On Mar/11/2021 at 14:11, JF Mezei wrote :
On 2021-03-11 08:17, Jeff Findley wrote:

Due to orbital mechanics, every couple of years there is a "window" when
you can send spacecraft to Mars using a minimum amount of delta-V.


And this is the problem. Not much point in sending fuel ahead if by the
time you realise the fuel vehicle crashed, the crew are already on their
way to Mars. And using different windows means a very long time between
sending supplies and sending crew.


No one is planning a mission the way you describe it here. You don't
send fuel from Earth to Mars. You send some kind of apparatus that will
make fuel on Mars using in situ resources (some mission architecture
plan on sending hydrogen from Earth, but that is a small mass fraction
of the oxidiser and fuel). You do that at least one launch window before
sending humans. You don't send humans before your fuel factory on Mars
has succeeded.

Good question. I'm sure the mission planners at NASA know this answer.
But, free return trajectories do exist for an earth-Mars-earth trip.
Cite:

https://en.wikipedia.org/wiki/Free-return_trajectory


But that brings up ECLSS and food. If you have to slingshot and be
autonomous for another year to get back to Earth, that means that when
you leave earth, you leave with a hell of a lot of supplies and water.
And it also means you need some pretty fancy ECLSS to reclaim as much as
you can for water and oxygen. I have to wonder if SpaceX would take ISS
system designs or make their own from scratch. In later case, they are
a long way from having a Mars crewed mission.
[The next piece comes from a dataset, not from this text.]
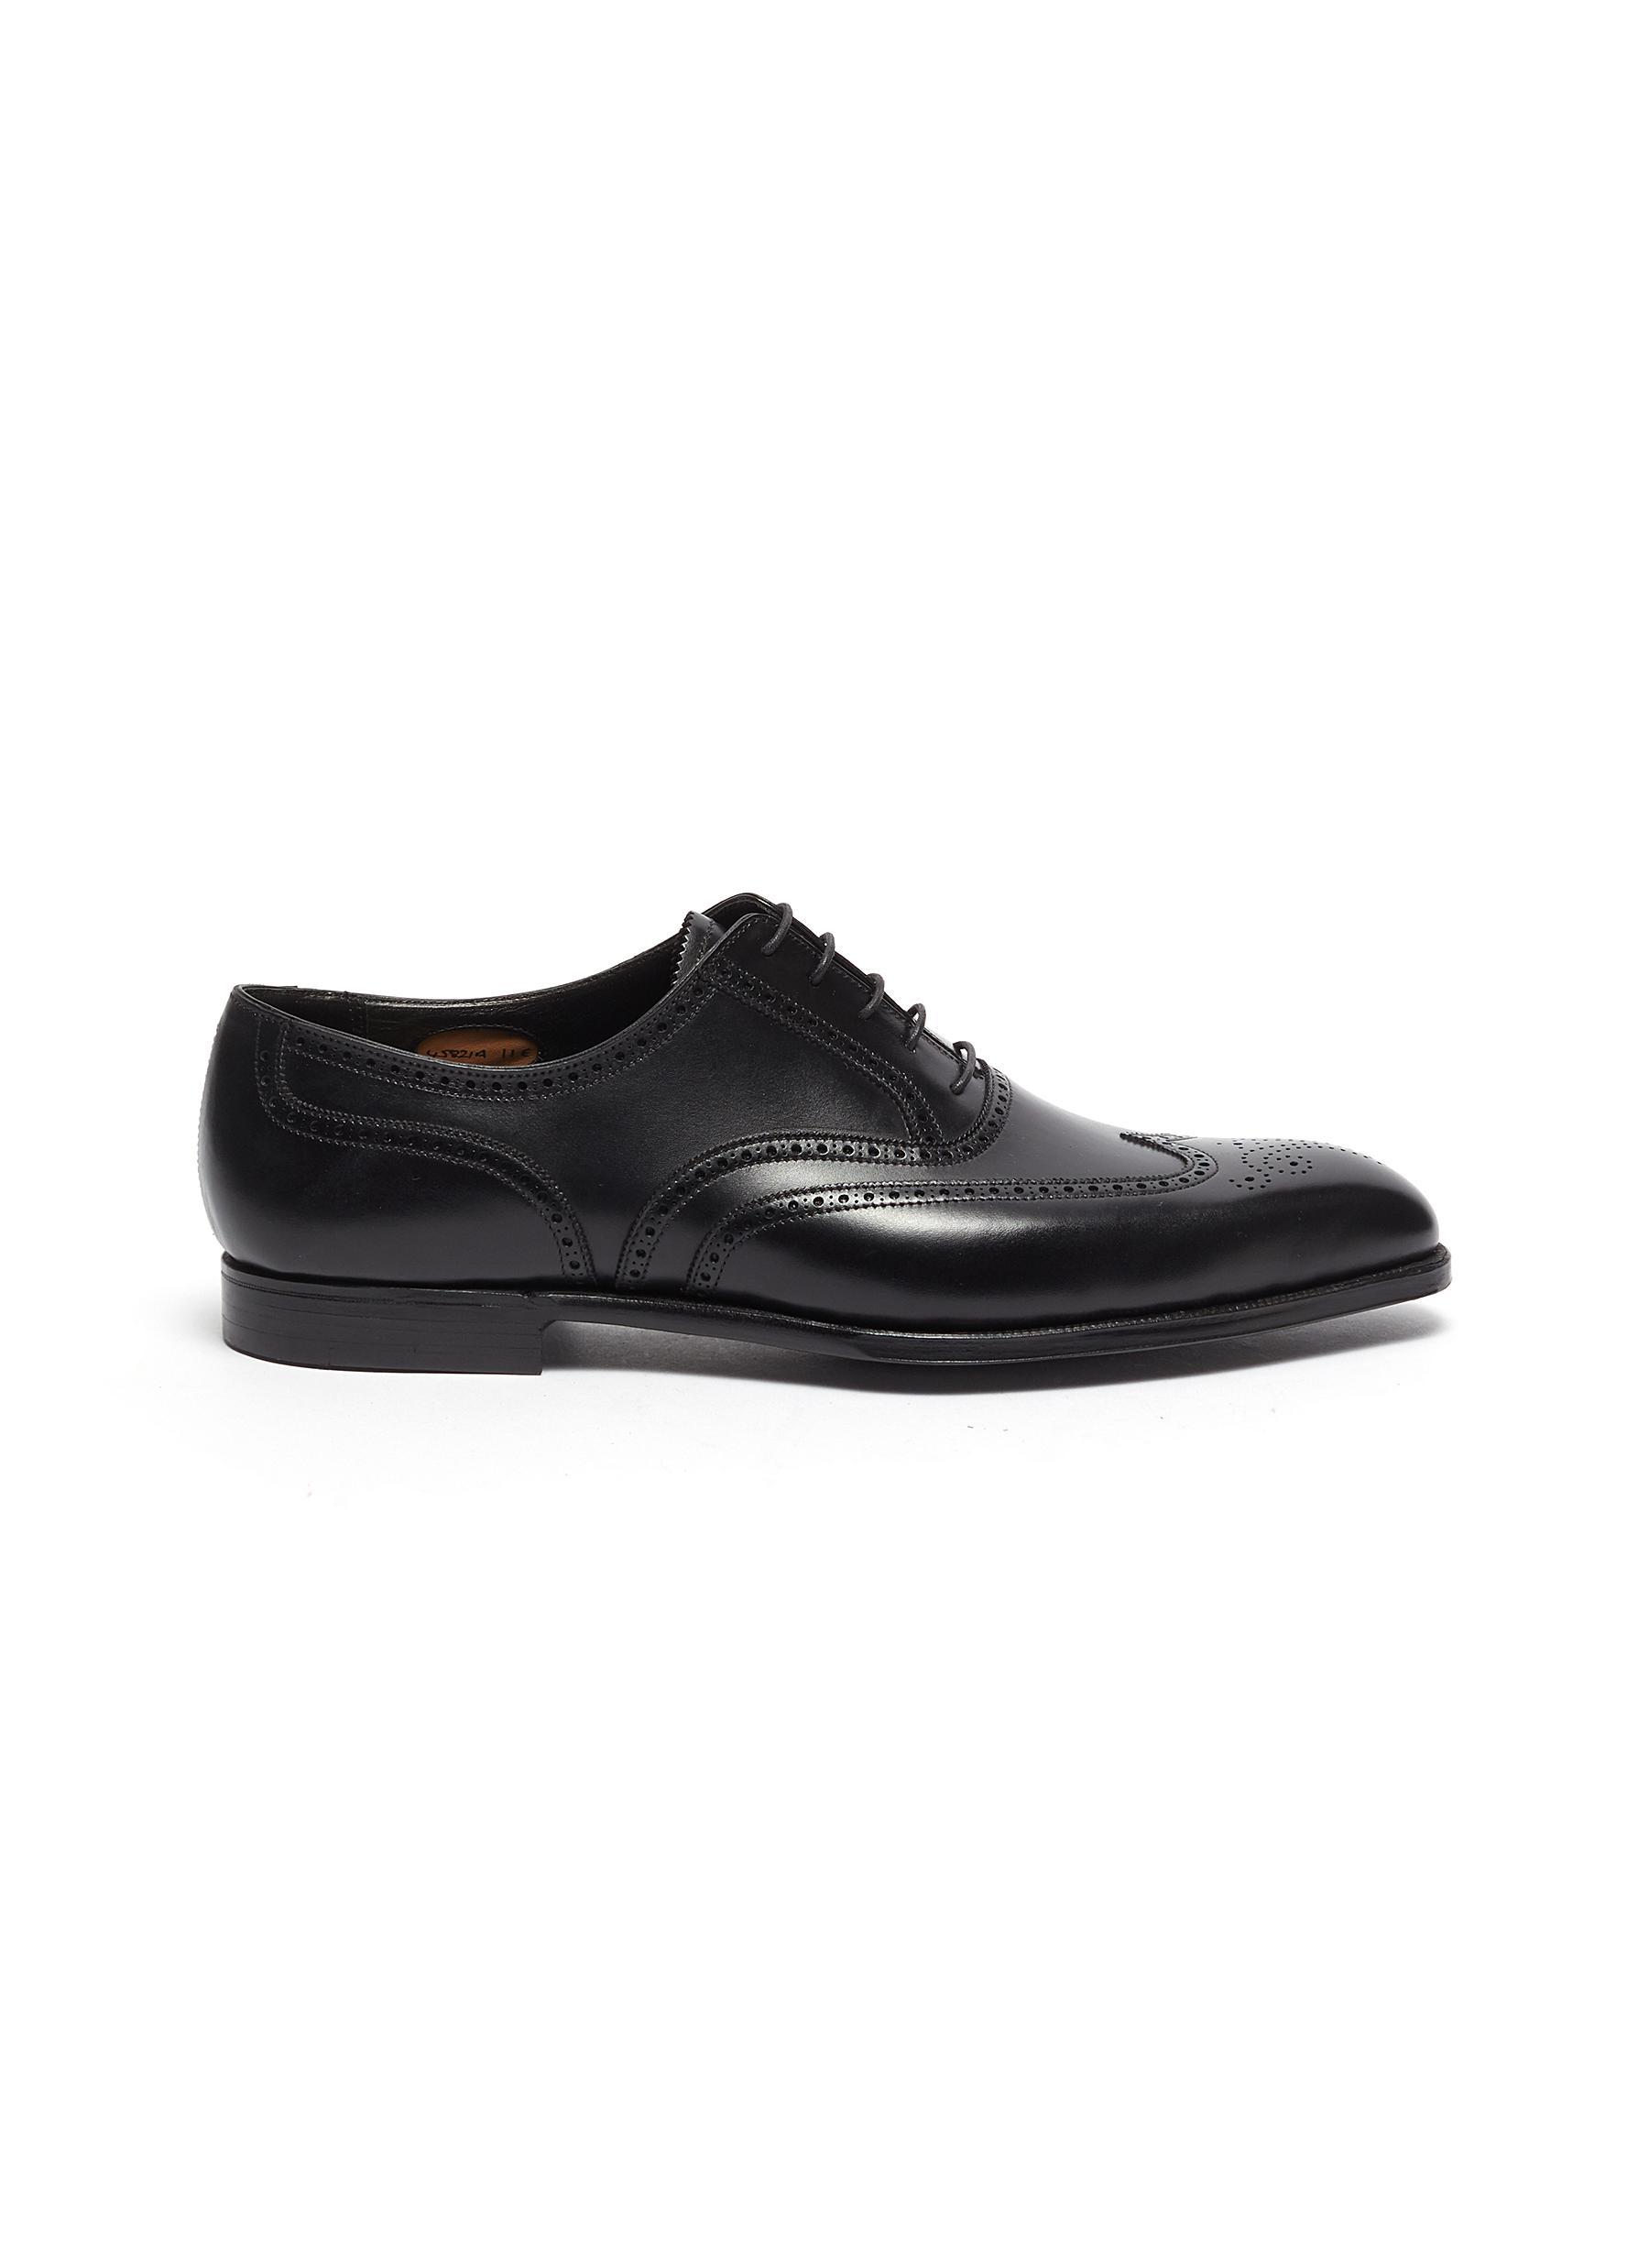 Reuben' Chisel Toe Leather Brogue Shoes

A mission profile with a free return (nearly free return) trajectory
follows a path similar to a mission with a short stay on Mars. It
wouldn't take a year. More like 7 months. But it is more energy
expensive than a mission following a Hohmann transfer trajectory.

Almost worth considering putting people in induced coma for 6 months
with intravenous feeds to keep them alive followed by strong exercise
regimen to bring them back to shape.


That would be a whole new ballgame.

Another consideration: you might need 2 starships to return from Mars.
You send one from Earth to Mars solely with supplies needed for the
return journey. Lands on Mars. Once the crewed vehicle comes in, they
need to fuel both ships which take off and meet in space so the
food/water can be transfered to the crewed vehicle.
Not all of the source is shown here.